● **Data shown**
——

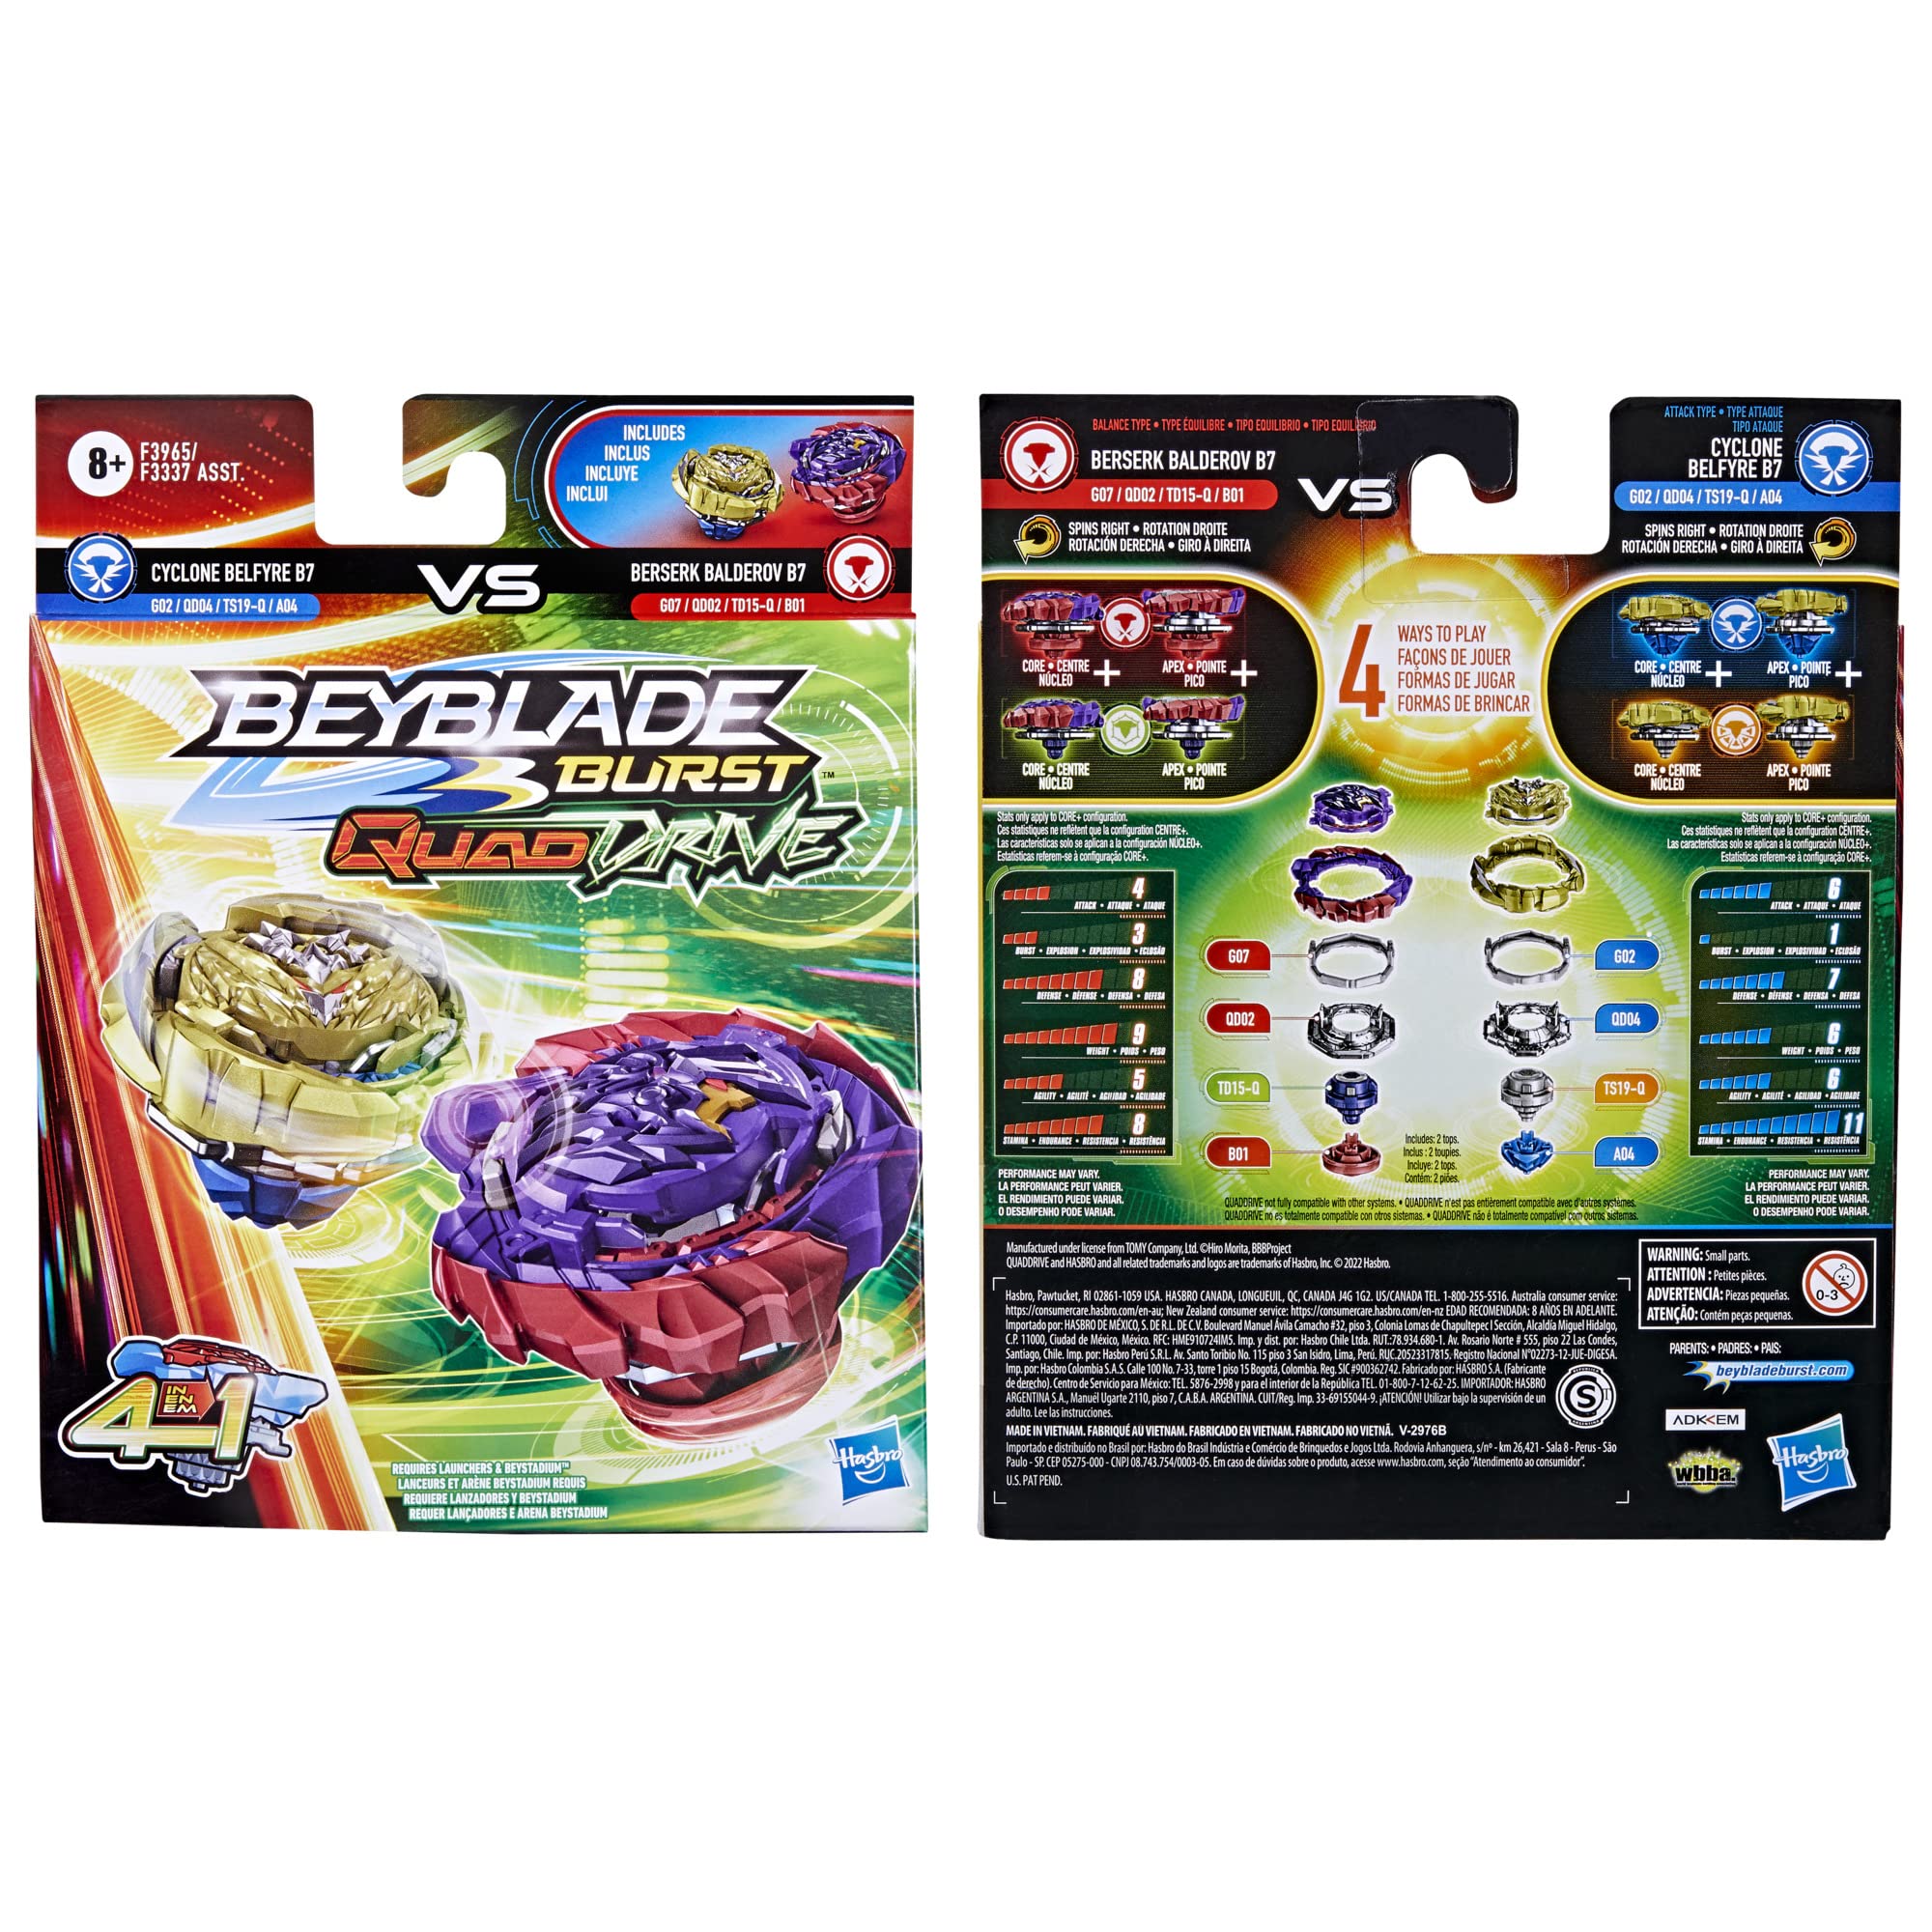 Beyblade Burst QuadDrive Berserk Balderov B7 and Cyclone Belfyre B7 Spinning Top Dual Pack -- 2 Battling Game Top Toy for Kids Ages 8 and Up
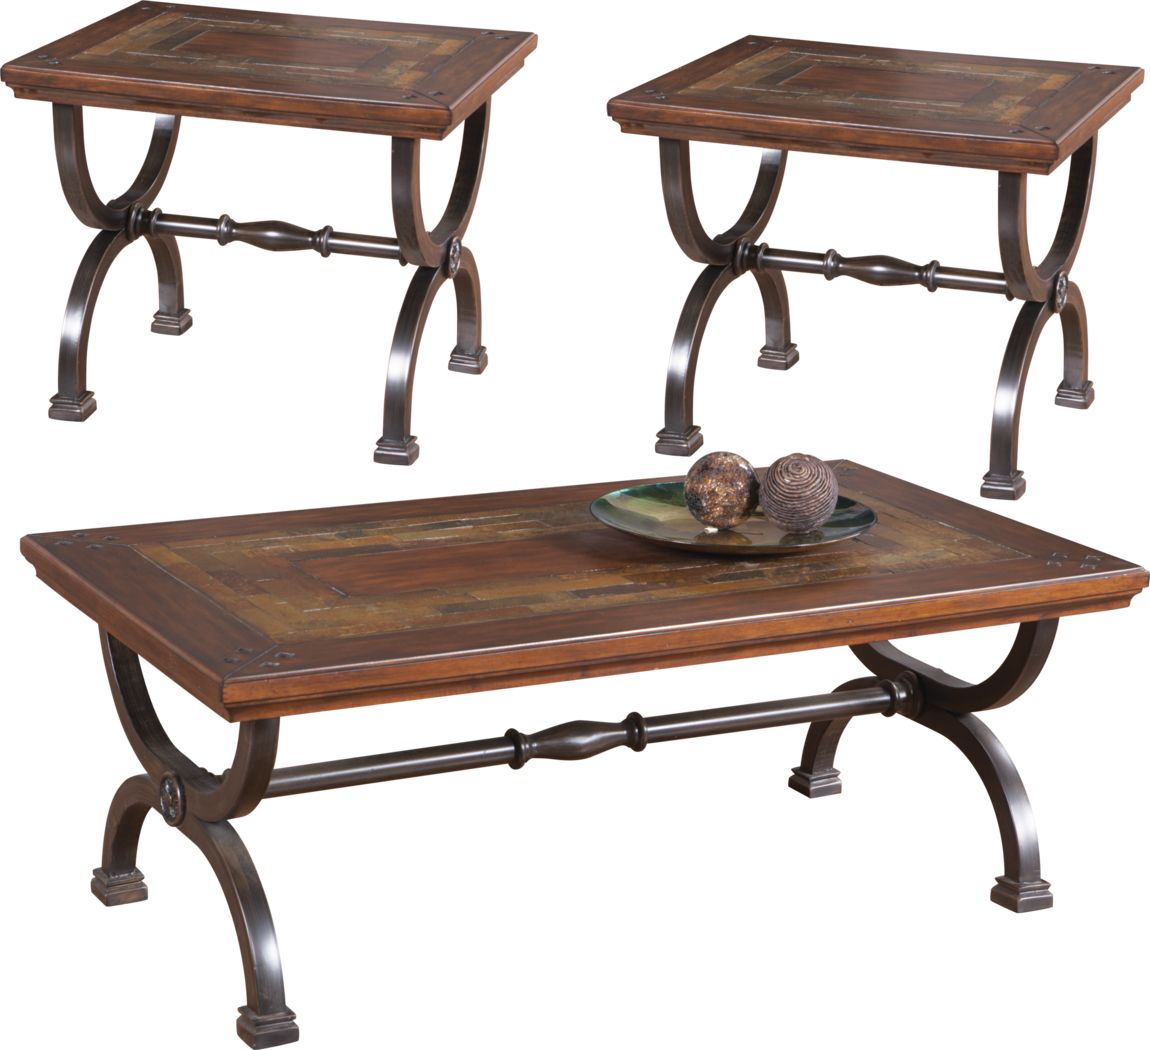 Rustic Style Living Room Tables Sets, Rustic Living Room Tables
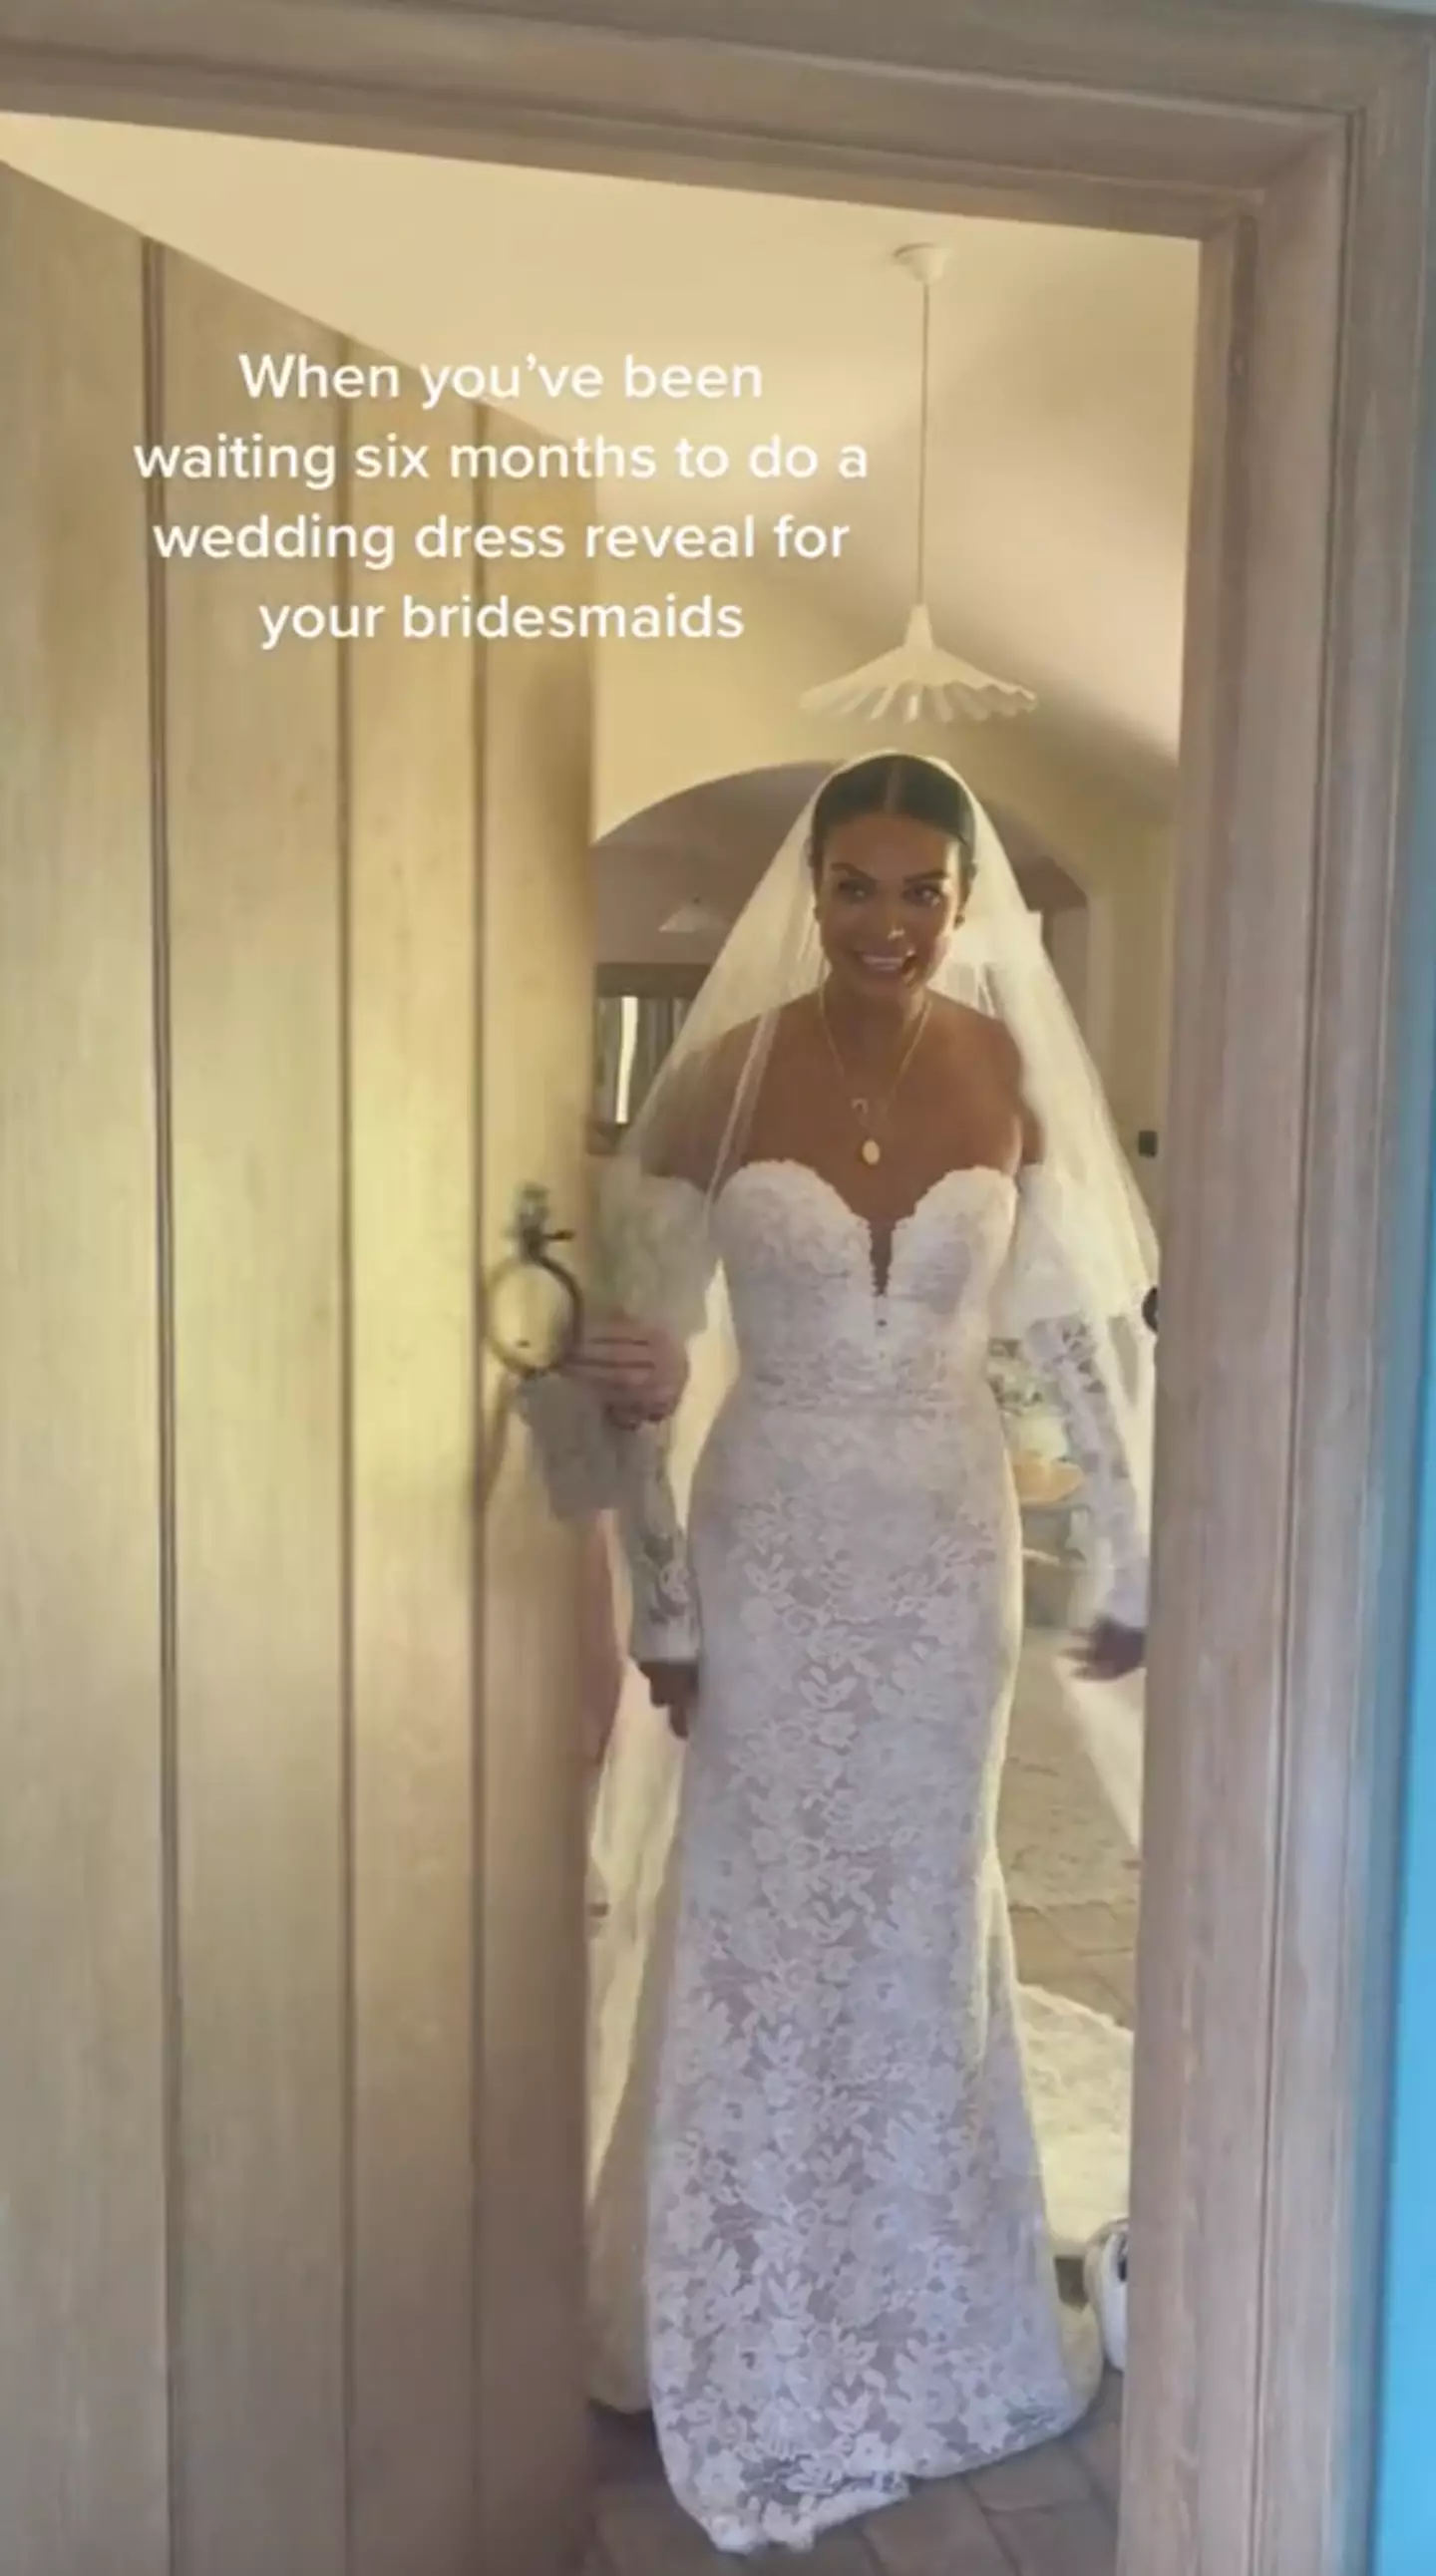 One bride was left shocked after her mum 'ruined' her wedding dress reveal.

——

● **Task brief**
Leave out the images and repeat the rest of the data word for word.

● **Result of this task**
 Beyblade Burst QuadDrive Berserk Balderov B7 and Cyclone Belfyre B7 Spinning Top Dual Pack -- 2 Battling Game Top Toy for Kids Ages 8 and Up
 Rustic Style Living Room Tables Sets, Rustic Living Room Tables
 One bride was left shocked after her mum 'ruined' her wedding dress reveal.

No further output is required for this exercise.